On September 8, 1976, following the creation of the Basilicata ecclesiastical region it assumed the name of the Diocese of Tursi-Lagonegro. Anglona, however, became titular see of a diocese. Its first titular bishop from 1977 to 1991 was Andrea Cordero Lanza di Montezemolo who later became a cardinal.
The diocese has 82 parishes and an area of 2509 km². In 2014 it had 127,100 baptized people out of 128,200 inhabitants, or 99.1 percent baptized of the total population.
Traditions and folklore
Many Tursitan traditions are based on religious events.
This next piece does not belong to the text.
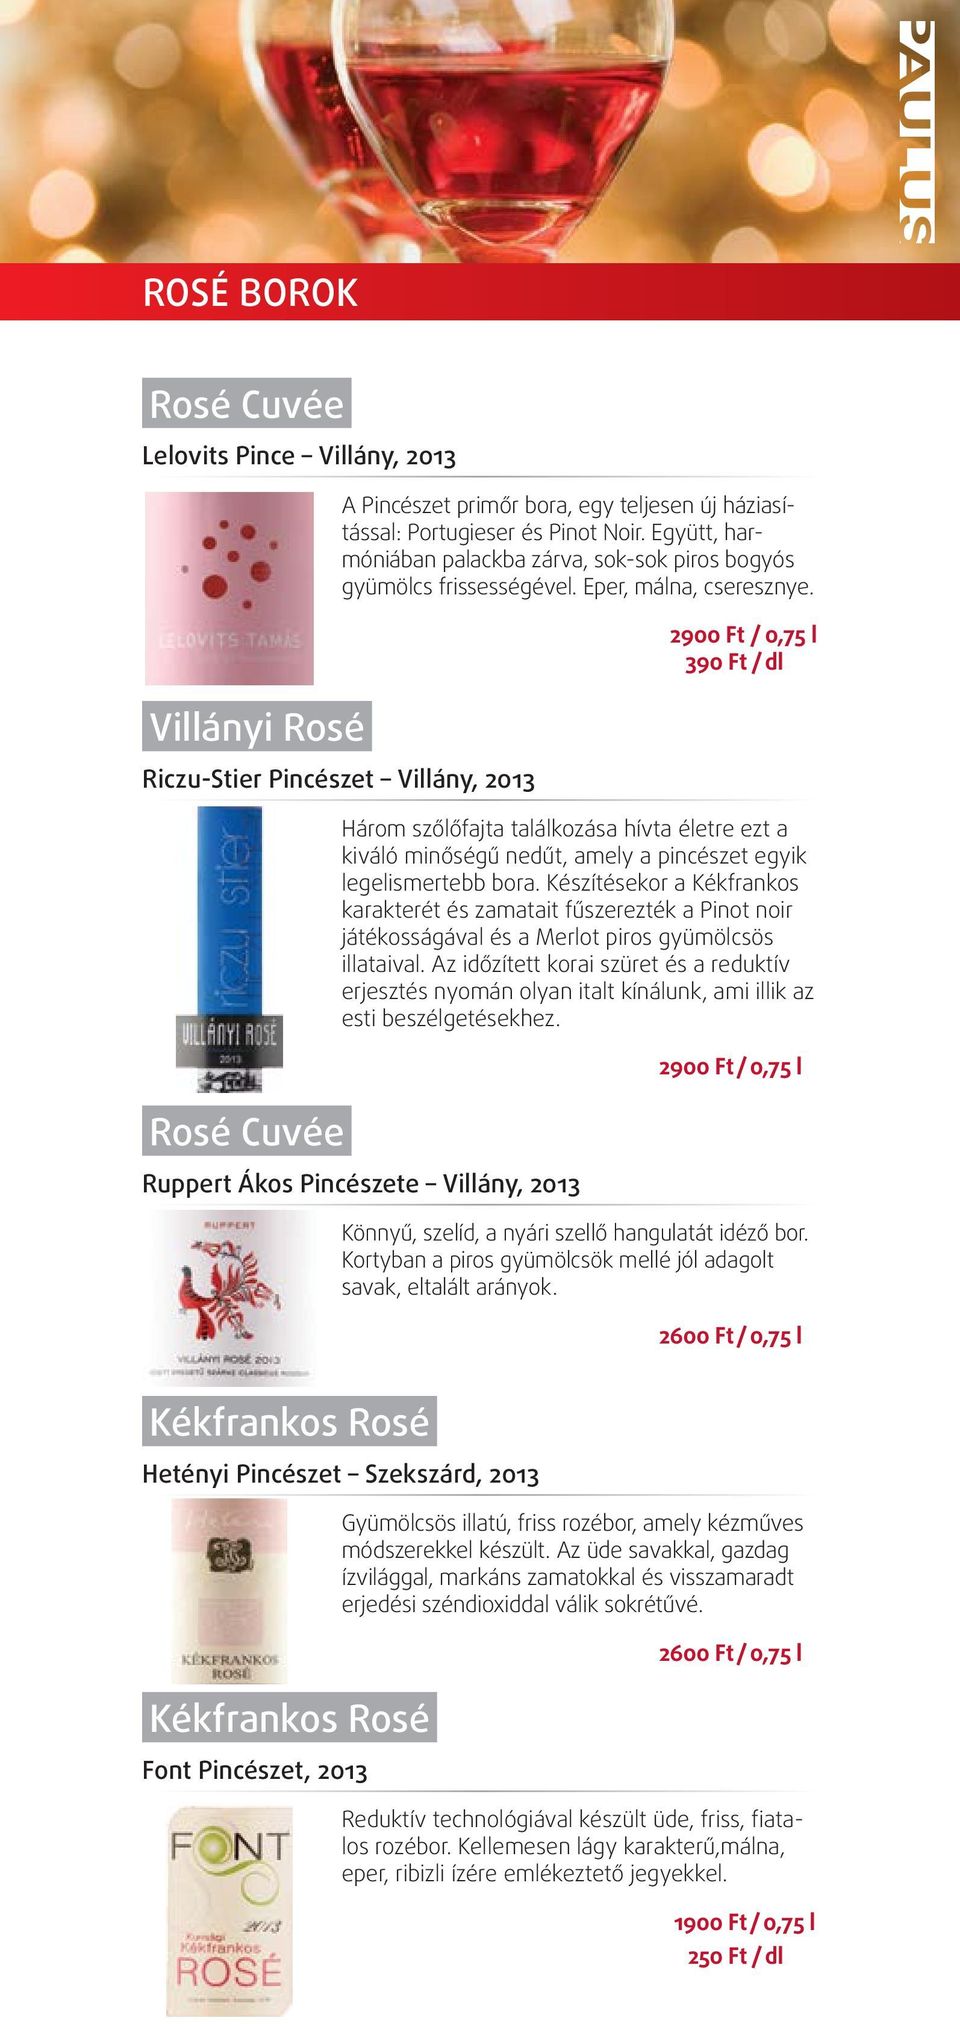 riczu-stier pincészet villány, 2013 rosé Cuvée 2900 Ft / 0,75 l / dl Három szőlőfajta találkozása hívta életre ezt a kiváló minőségű nedűt, amely a pincészet egyik legelismertebb bora.

The best known is the Feast of Our Lady of Anglona, which occurs every September 8. On the Sunday after Easter, however, the 18th-century statue depicting the Madonna is carried on the shoulders for a distance of more than 10 kilometers, from the sanctuary of Anglona to the Cathedral of the Annunziata in Tursi,[111] and on May 1 on the reverse route. The patronal feast dedicated to St. Philip Neri falls on May 26.
On the evening of March 18, it is traditional to burn branches,[112] thus creating large bonfires. Locals call the event u umnnàrie referring to the bonfire of St. Joseph.[113]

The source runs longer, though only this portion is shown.